Le fait est que la classe dirigeante britannique est profondément divisée. Une partie redoute qu’une accumulation de mesures d’austérité et de répression ne finisse par provoquer une explosion sociale. Elle réclame donc le retrait de ce projet de loi et la mise en place de quelques réformes modérées pour tenter de calmer la colère des masses. Une autre partie de la bourgeoisie comprend que lorsque les travailleurs remportent des victoires, ils sont encouragés à intensifier la lutte. Elle approuve donc le projet de réprimer sévèrement les grévistes.
Du point de vue des intérêts de la bourgeoisie, ces deux positions contradictoires sont également correctes. Ce dilemme apparemment insoluble souligne l’impasse dans laquelle est plongé le capitalisme britannique.
Mobilisation !
Le Congrès des syndicats (TUC) a appelé à une journée de mobilisation le 1er février, sans pour autant appeler de façon explicite à faire grève. Son secrétaire général, Paul Nowak, a affirmé qu’il combattrait cette loi « au Parlement et devant les tribunaux ». C’est une erreur. La classe ouvrière ne doit placer sa confiance ni dans les politiciens hypocrites au service de la bourgeoisie, ni dans les institutions de la classe dirigeante. Sans une puissante mobilisation extra-parlementaire des travailleurs, le Parlement et les tribunaux soutiendront la politique du gouvernement.
Pour faire obstacle aux projets réactionnaires du gouvernement conservateur, le mouvement ouvrier ne doit compter que sur ses propres forces. Il doit organiser une mobilisation de masse, comparable « à la grève générale de 1926, au mouvement des suffragettes et au mouvement chartiste », comme l’a très justement déclaré le secrétaire général du syndicat des transports, Mick Lynch.
Une pétition « pour défendre le droit de grève » a été lancée par la campagne intersyndicale « Trop, c’est trop ». A ce jour, elle a réuni près de 160 000 signatures. Une autre pétition, lancée par le TUC, a réuni près de 200 000 signatures en l’espace de deux semaines. Après les grèves de ces derniers mois, ces chiffres sont une nouvelle démonstration du potentiel qui existe pour une mobilisation de masse.

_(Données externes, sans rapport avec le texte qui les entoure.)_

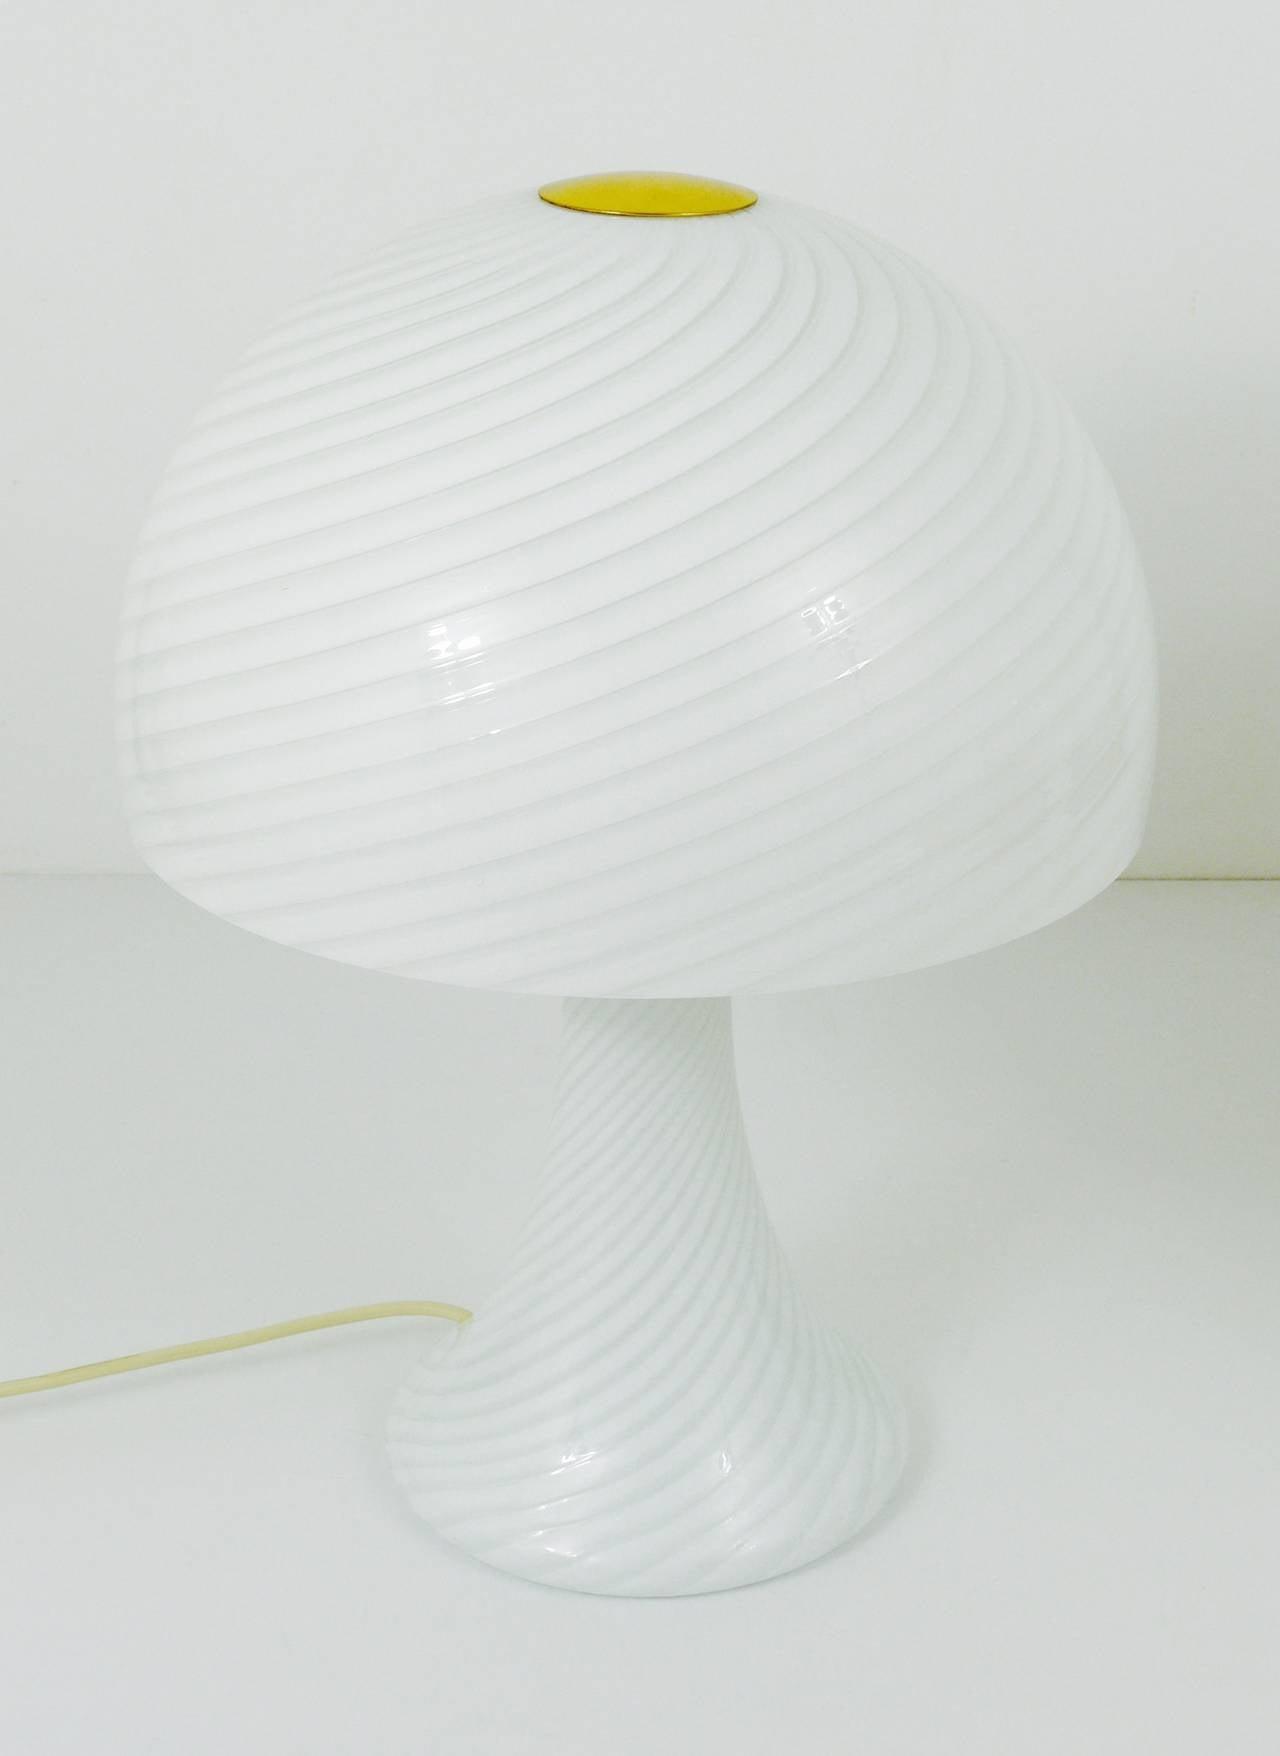 Austrian Pair of Kalmar Murano Glass and Brass Mushroom Lamps by Vistosi, 1960s For Sale

Un signe très encourageant est la position du syndicat de fonctionnaires, PCS, qui a appelé ses 100 000 adhérents à faire grève le 1er février. Les autres syndicats doivent suivre cet exemple et mobiliser leurs forces dans une lutte unitaire de tous les salariés. Seules les méthodes de la lutte des classes – la grève et les manifestations de masse – peuvent repousser les attaques des conservateurs et les politiques d’austérité que la bourgeoisie veut imposer aux travailleurs britanniques.